The death took place suddenly on Sunday, at the age of 80 years, of Mr. Emanuel Marston, for many years a farmer at Norwood Bottom. Mr. Marston was one of the oldest tenants on the Farnley Hall estate. His maternal grandfather was a game-keeper in the service of the Fawkes family, and Norwood Bottom Farm, where he was born, had been cultivated by the Marstons for at least a century.

75 Years Ago -1945

Ilkley is looking ahead to the day when there will be announced the conclusion of hostilities in Europe, and a committee is making plans for the local celebration of that great day. Further progress with these plans was made at a meeting of the committee on Friday. From Menston it was reported that arrangements were in hand for a service to be held in the Church on the day of the announcement, and proposals were under consideration for arranging a children’s treat and an old folks’ party.

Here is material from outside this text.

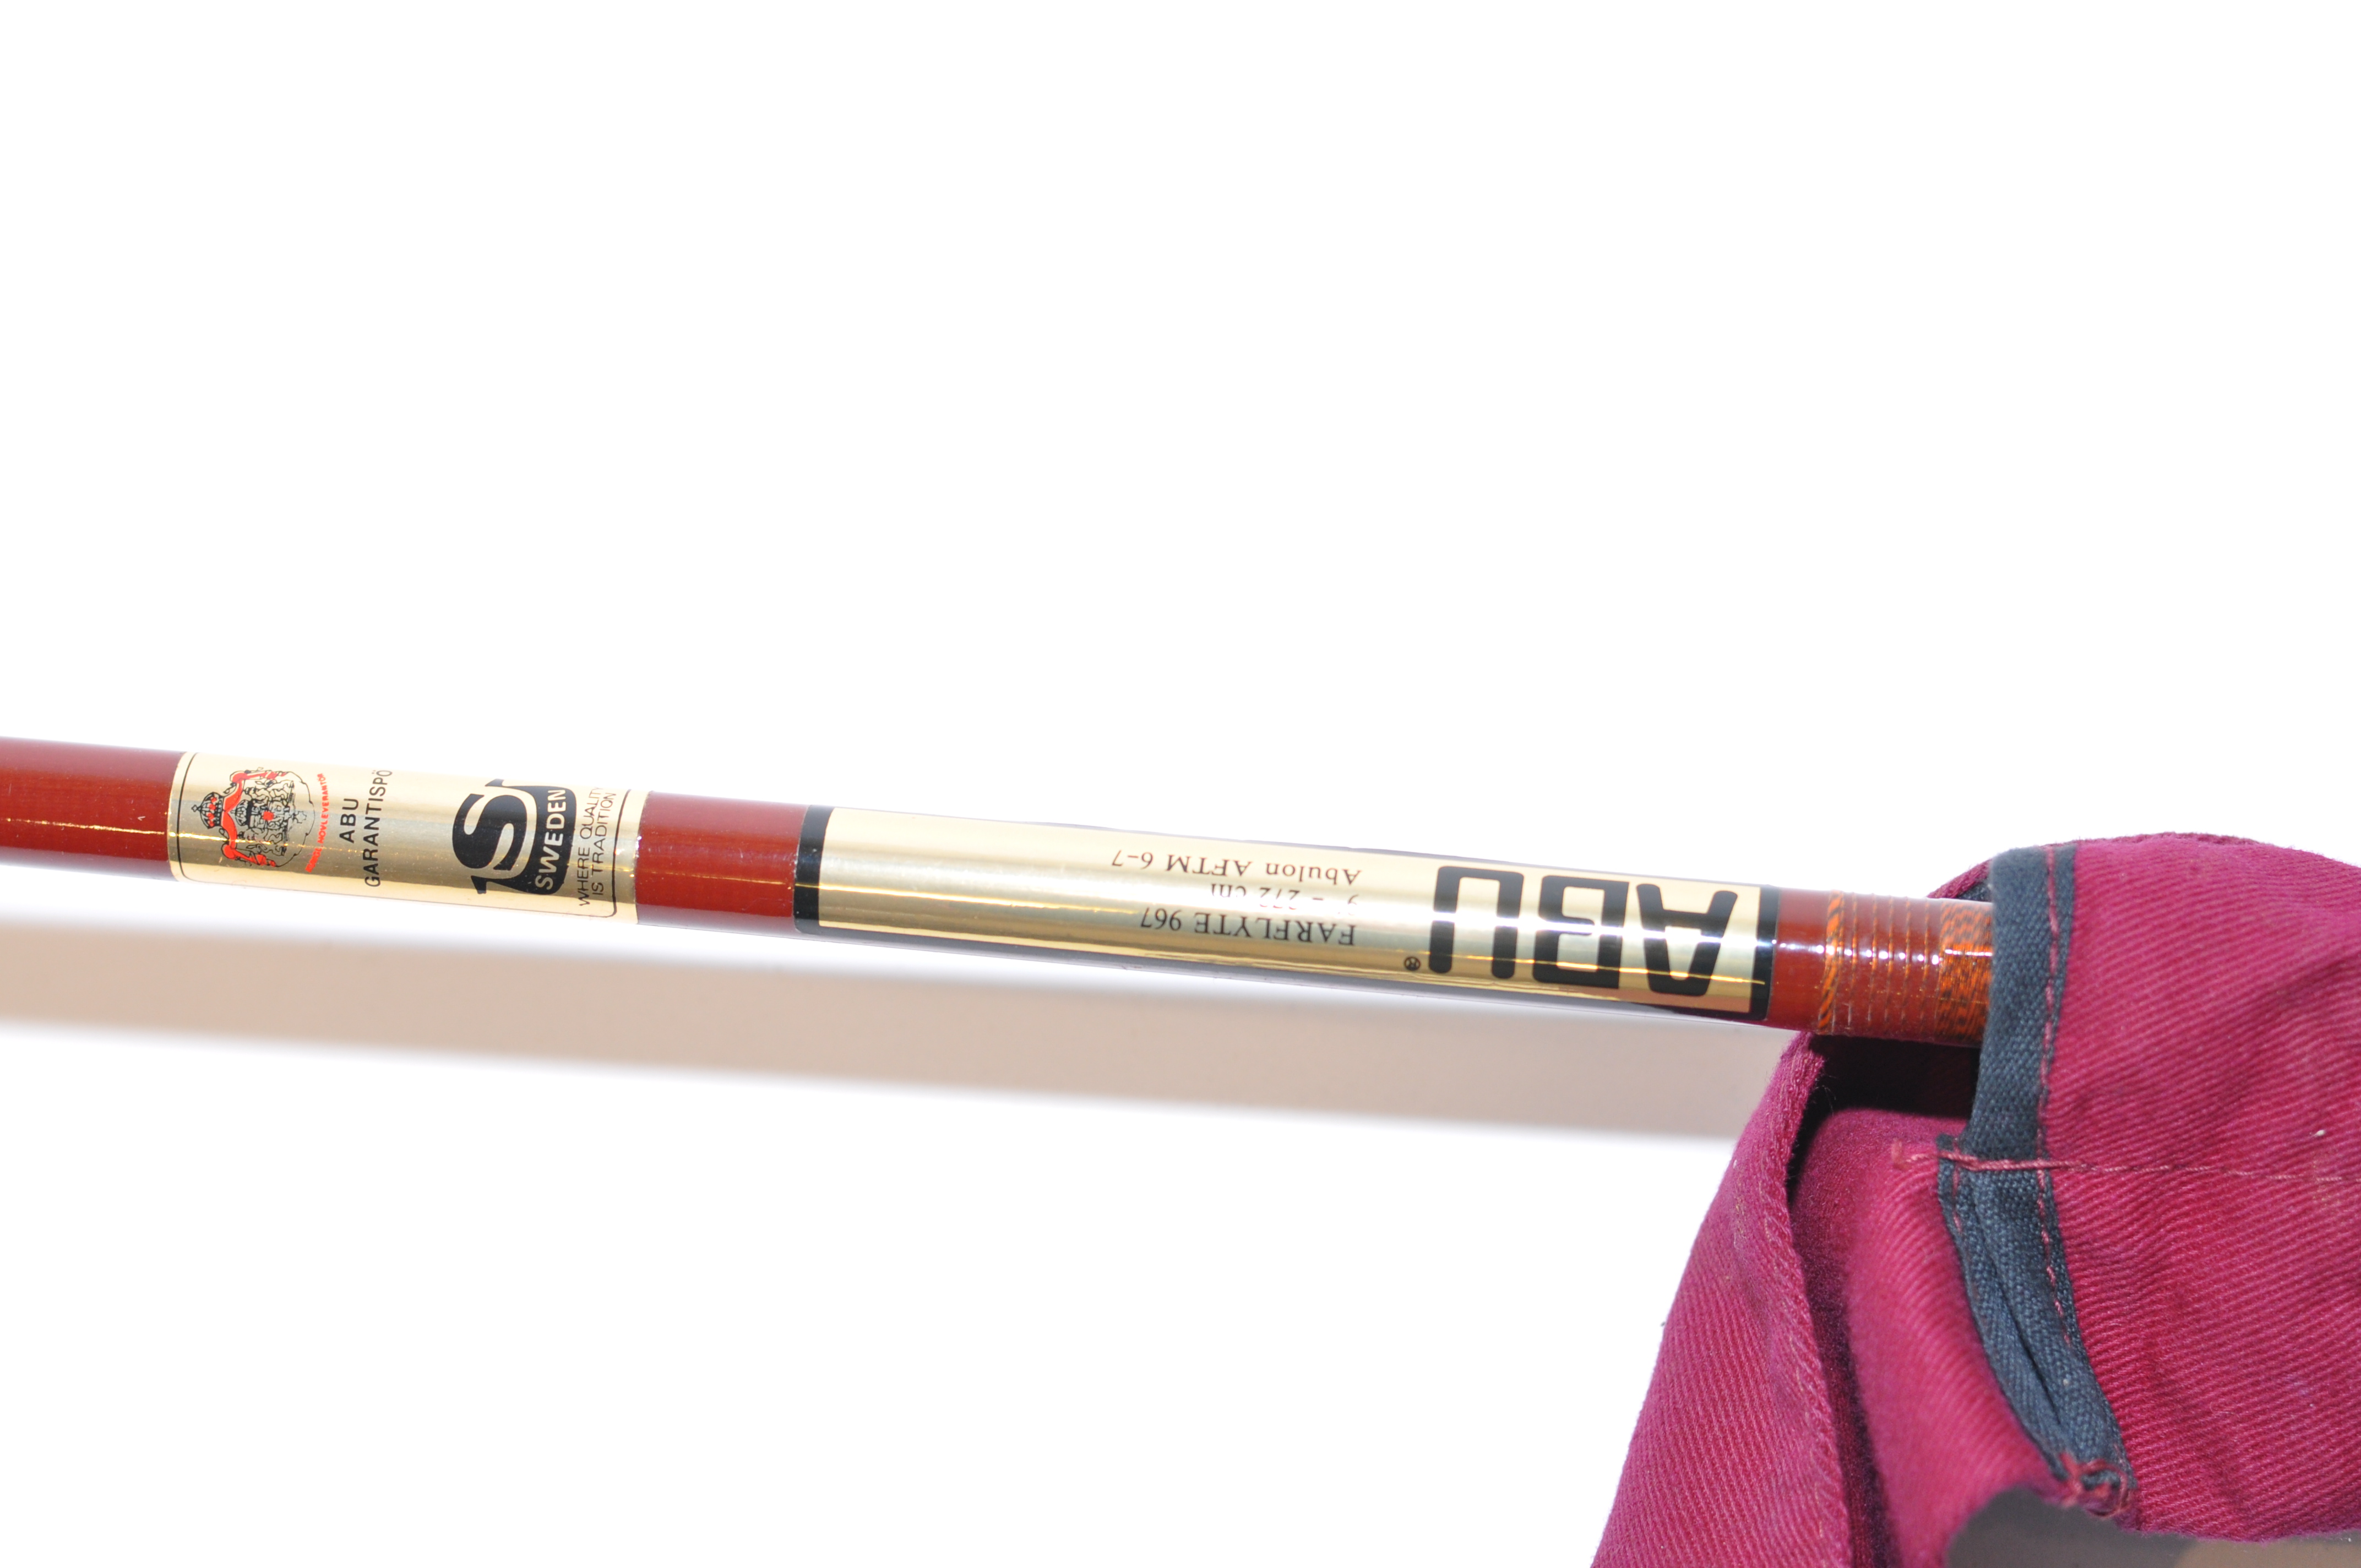 ABU FAR FLYTE 967 9' 6-7 WT TROUT FLY ROD, - Image 2 of 2

People in Otley and Ilkley who responded to the recent “Good Neighbour”appeal to raise household furnishings for the bombed-out boroughs in London will be pleased to know that their gifts have been received with “excitement and pleasure.” Mrs. Banks, W.V.S. Centre Organiser for Otley, has received a letter to that effect from the Centre organiser at Westminster, London.

50 Years Ago - 1970

Burley is in danger of losing one of its best known landmarks. The old “Pudding Tree” outside the Malt Shovel Hotel - for generations the scene of a traditional village festival - is said to be rotting and might have to be felled. How the Pudding Tree got its name is described in Fred Cobley’s “Upper and Lower Wharfedale” published in 1890. He wrote “There used to be a singular feast at Burley every seven years when the Burley great pudding was made. It is said that about thirty stones of flour and and an equal quantity of fruit in the shape of plums etc. were generally consumed in the kneading; and though boiled day and night the huge pudding was not sufficiently cooked in the inside. Nevertheless, in this state it was distributed from a platform at the foot of the tree near the Malt Shovel Hotel.” The last great pudding was served from under the spreading branches of the sycamore in1787.

25 Years Ago - 1995

An old oil lamp is to be returned to the railway station it helped illuminate 30 years ago after it was removed when the station closed down. Now Bolton Abbey is to be reinstated on the railway map after being rebuilt for use by the Embsay Steam Railway, it seemed only fitting that the lamp should go back there says its present owner.

Fireworks and a Chinese dragon are set to enliven a gloomy winter’s night in Ilkley’s Church Street. Residents will be able to see them outside the Ying King restaurant as part of celebrations to usher in the Chinese New Year.